Cérebro em um chip faz inteligência artificial sem treinamento

Cérebro em um chip faz inteligência artificial sem treinamento

Alguns componentes neuromórficos experimentais já imitam a memória e o esquecimento do cérebro. [Imagem: KAUST]

Inteligência artificial em hardware

Uma rede neural pulsada inspirada no cérebro e implantada em um microchip permitiu aos pesquisadores estabelecer as bases para o desenvolvimento de sistemas de computação de inteligência artificial baseados em hardware mais eficientes.

A maior parte da inteligência artificial hoje é baseada em software, mas hardwares talhados para rodar seus algoritmos podem tornar tudo mais eficiente e mais rápido – pense, por exemplo, nos ganhos obtidos com os processadores gráficos dedicados.

Indo além do exemplo das placas gráficas, porém, a ideia agora é usar circuitos neuromórficos, que processam os dados de forma parecida com o que fazem os neurônios no nosso cérebro.

Só que isso exige uma outra mudança, um avanço em relação às redes neurais artificiais usadas pelos algoritmos de inteligência artificial.

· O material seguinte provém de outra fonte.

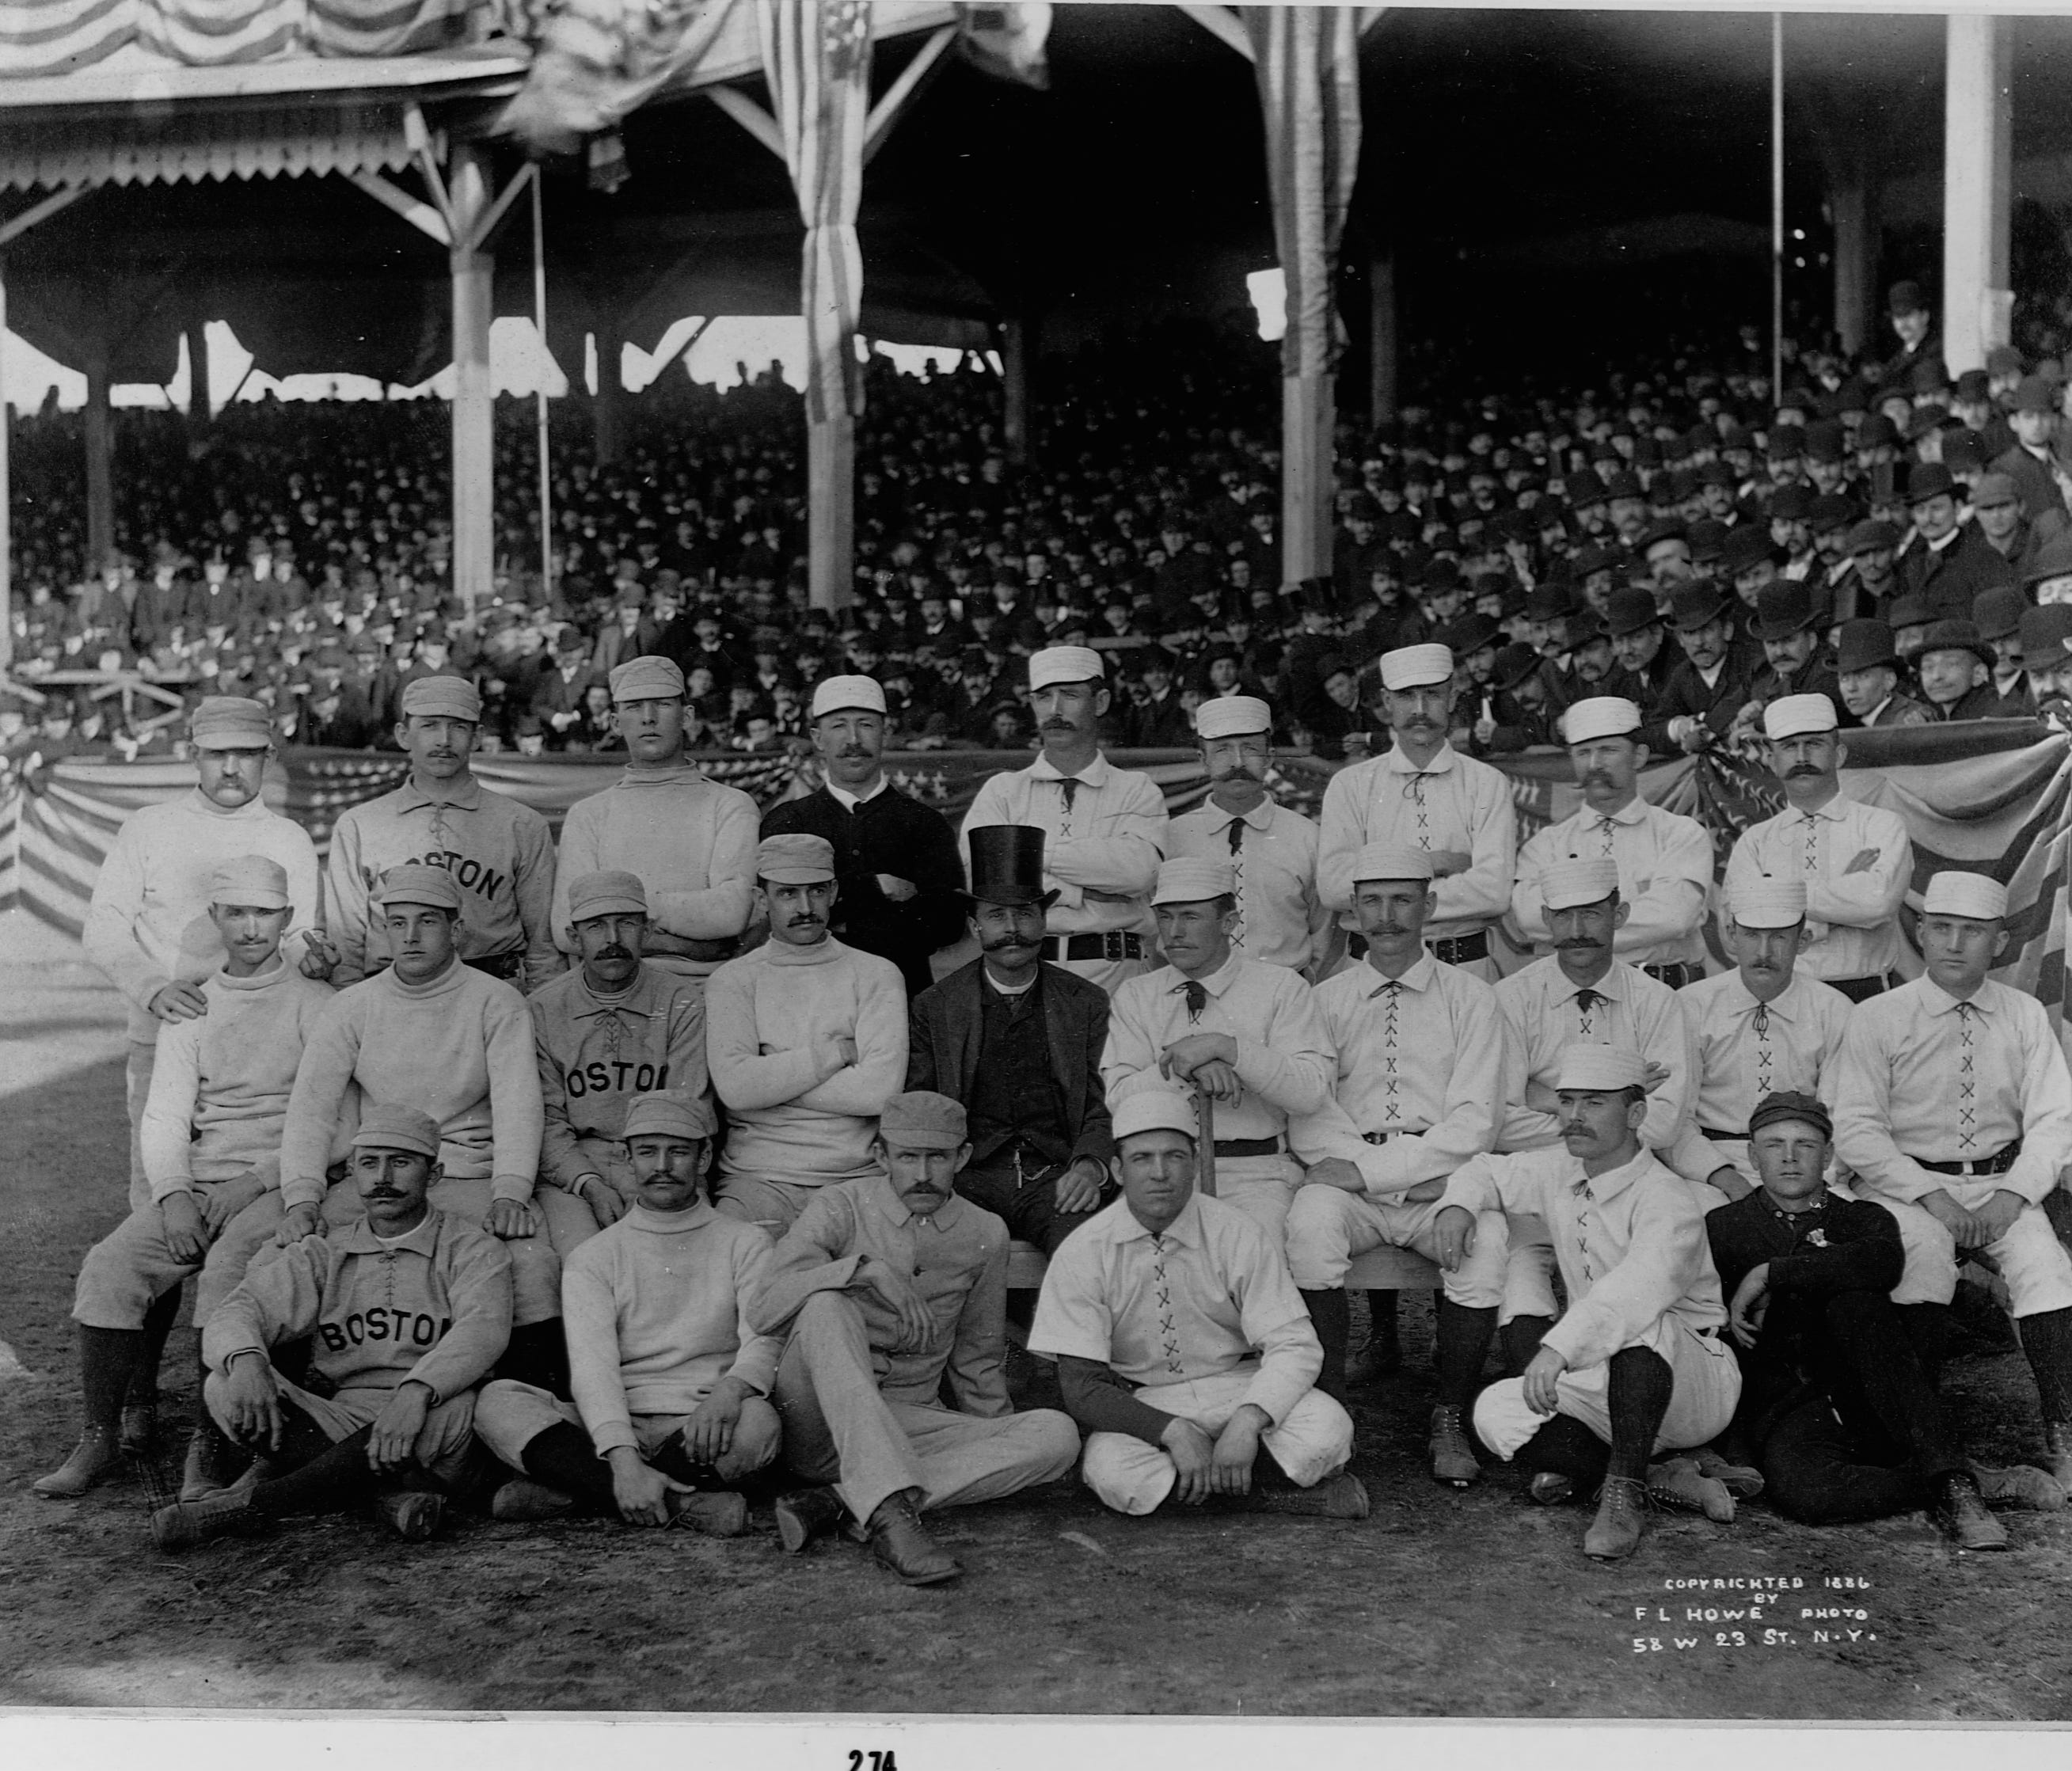 Old Hoss Radbourn, top left, flips the bird in a pre-game photo from 1886.

“Uma rede neural artificial é um modelo matemático abstrato que tem pouca semelhança com sistemas nervosos reais e requer um poder de computação intensivo,” explica Wenzhe Guo, da Universidade de Ciência e Tecnologia Rei Abdullah, na Arábia Saudita. “Uma rede neural pulsada, por outro lado, é construída e funciona da mesma maneira que o sistema nervoso biológico e pode processar informações de maneira mais rápida e eficiente em termos de energia.”

As redes neurais pulsadas emulam a estrutura do sistema nervoso, como uma rede de sinapses que transmitem informações por meio de canais iônicos na forma de potenciais de ação, ou picos. Esse comportamento orientado a eventos, implementado matematicamente como um “modelo de integração e disparo com vazamento“, torna as redes neurais pulsadas muito eficientes, além de permitir um grau de paralelização que não pode ser obtido com a computação convencional.

Cérebro em um chip faz inteligência artificial sem treinamento

Esquema da plataforma desenvolvida pela equipe.
[Imagem: Wenzhe Guo et al. – 10.1109/TNNLS.2021.3055421]

Cérebro em um chip

O que a equipe fez agora foi colocar toda essa teoria na prática, colocando tudo em um chip real.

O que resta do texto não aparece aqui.